どこかで自身の有用さを示さなければ、〈三王〉の連中に近づくことも出来ないのだ。
「改めて、このパルルワール・エスプリソが貴様ら〈パッチワークメモリー〉を採点してやろう。現状は妥協点。良くも悪くも活躍と失態をみせてくれた。これ以上の失点を許すな。点数稼ぎに邁進しろ。覇道は我らにあり、貴様らは覇道を固め行く先遣者となれ」
神経質な男は――パルルワールは眼鏡を掛け直すと鼻を鳴らす。
「ふん」
「あ、ああ……だけど――」
「ふん……ふん?」
もはやふざけているのかと思う程に鼻を鳴らすが、〈パッチワークメモリー〉の面々は別のことに不安を割いていた。
「行っちまったが……?」
みれば、【竜将軍】を追いかけるようにして〈ザ・ドラゴンズ〉のパルルワール以外のメンバーはいなくなっていた。
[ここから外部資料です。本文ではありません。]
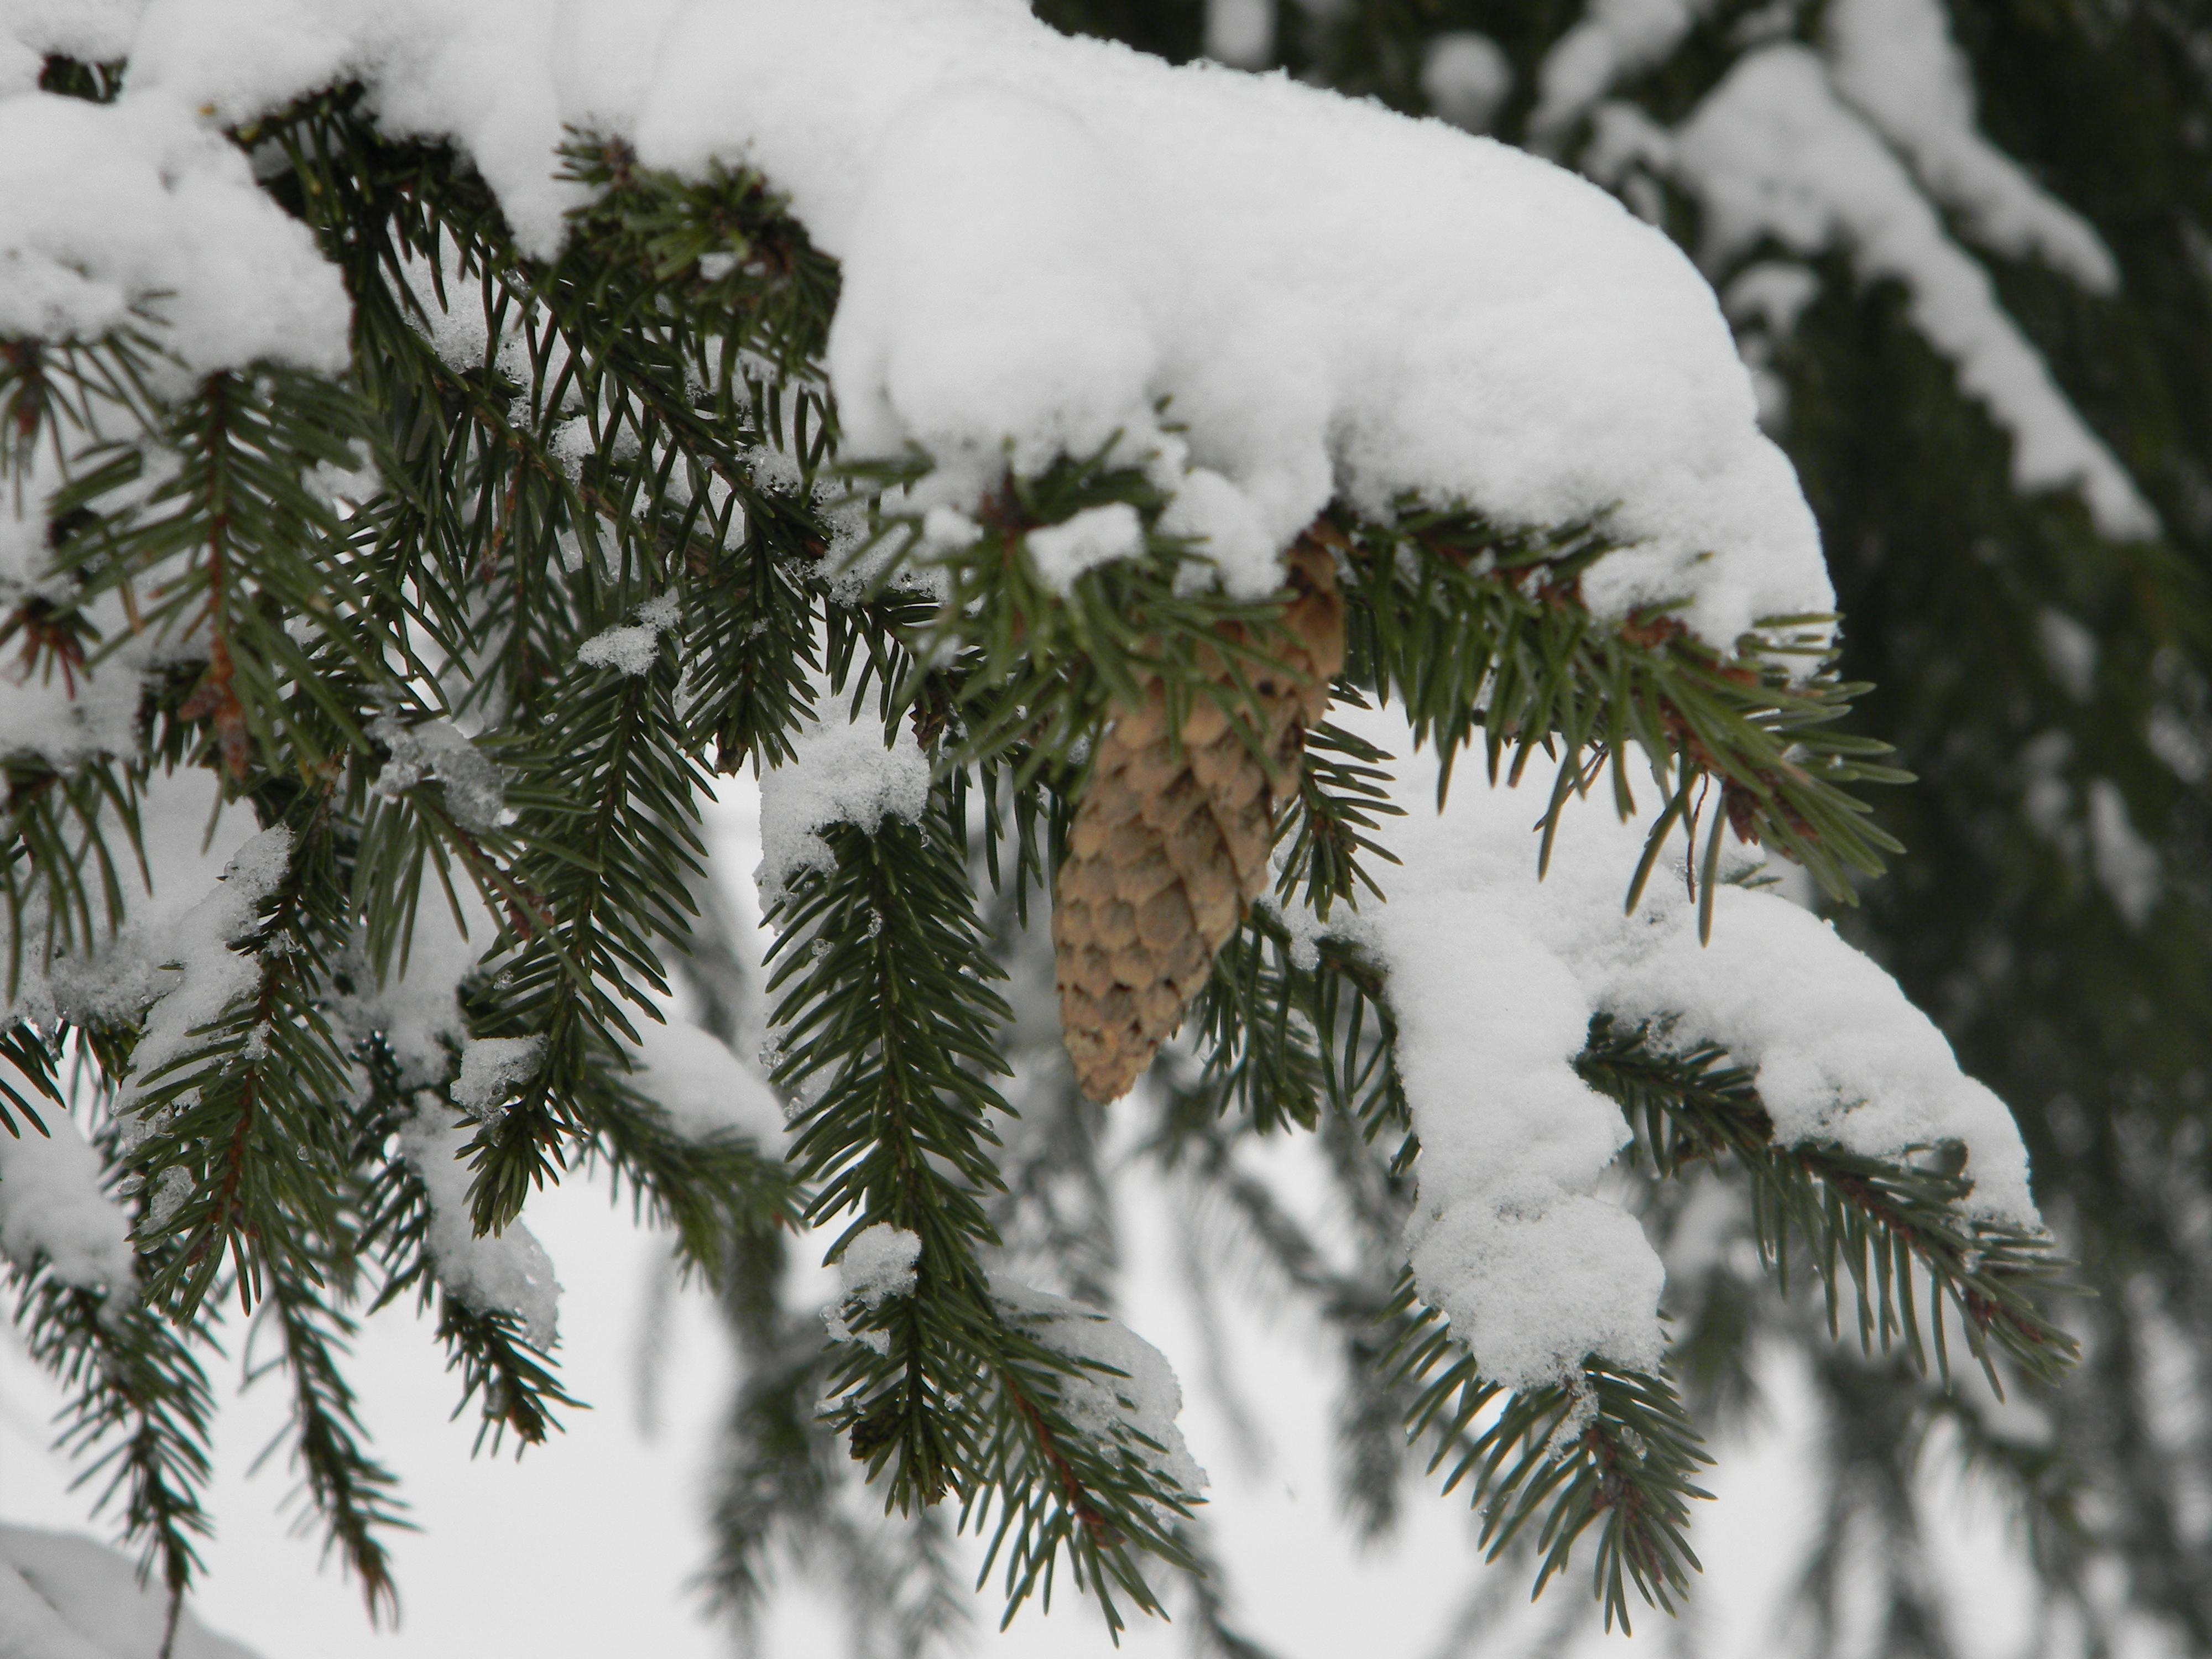 симптомом ветряной фото шишки под снегом хозяйки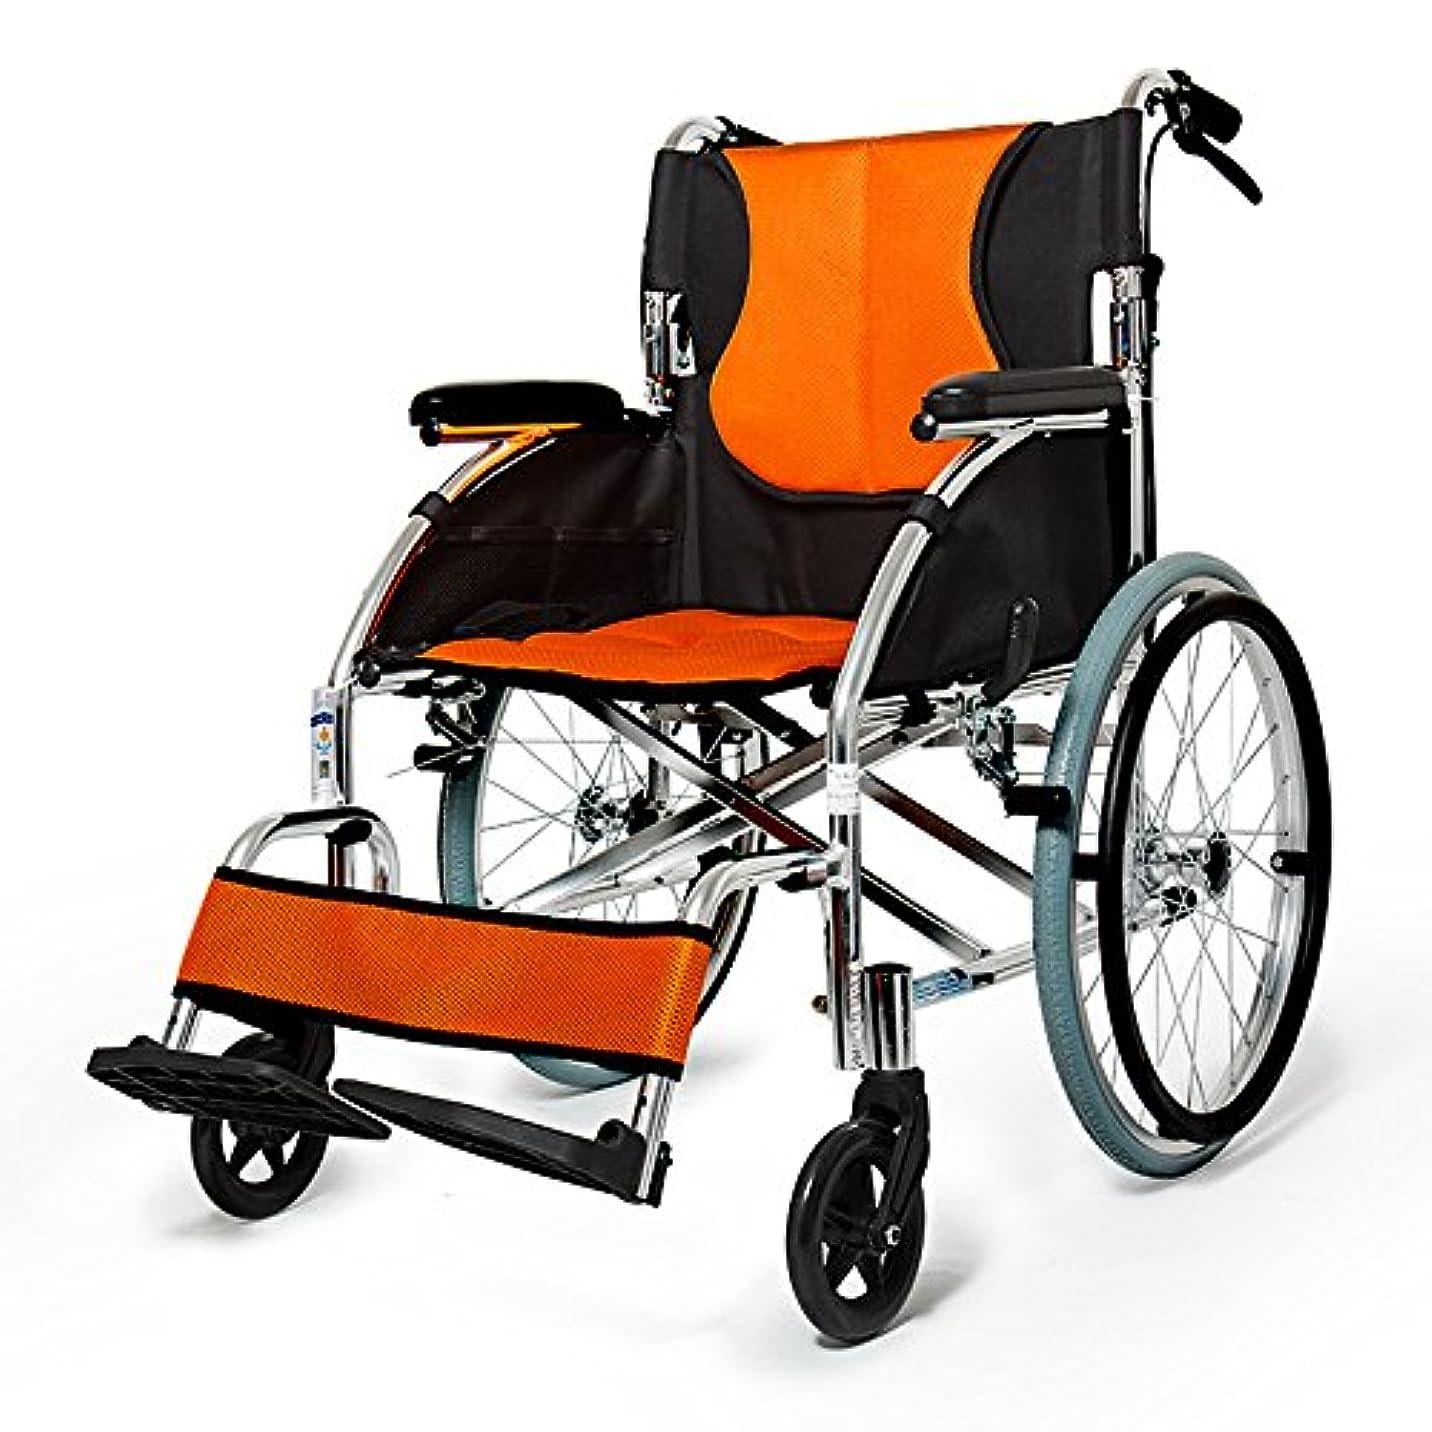 司法ルーフ調子QFFL 車椅子高齢者スチール折り畳み式折りたたみ式椅子障害のあるスクーターインフレータブル小型車いす2色展開 松葉杖ウォーカー (色 : B)

「別に先遣隊が悪いとかじゃないけどよ……このままだと逸れちまうんじゃ……」
パルルワールにフラッグを手渡しながら既にみえなくなった〈ザ・ドラゴンズ〉達のことを思い出す。
いずれも、どこにでもいるような〈マスター〉だ。
聞いたことのない名ばかりであり、有名度でいえばむしろ〈パッチワークメモリー〉の二つ名持ちの方が上であった。……ほとんどが死亡してしまったが。
「ふん」
だが、パルルワールはそれに対し鼻を鳴らす。
「一つ、失点だな」
そして、その言葉を最後に彼は姿を消した。
靄がかかったようにとか、色が薄くなったとかではない。
突如として消えたのだ。
残された〈パッチワークメモリー〉のメンバーの手元から失われたフラッグ。
それこそがパルルワールが先ほどまでいた何よりの証である。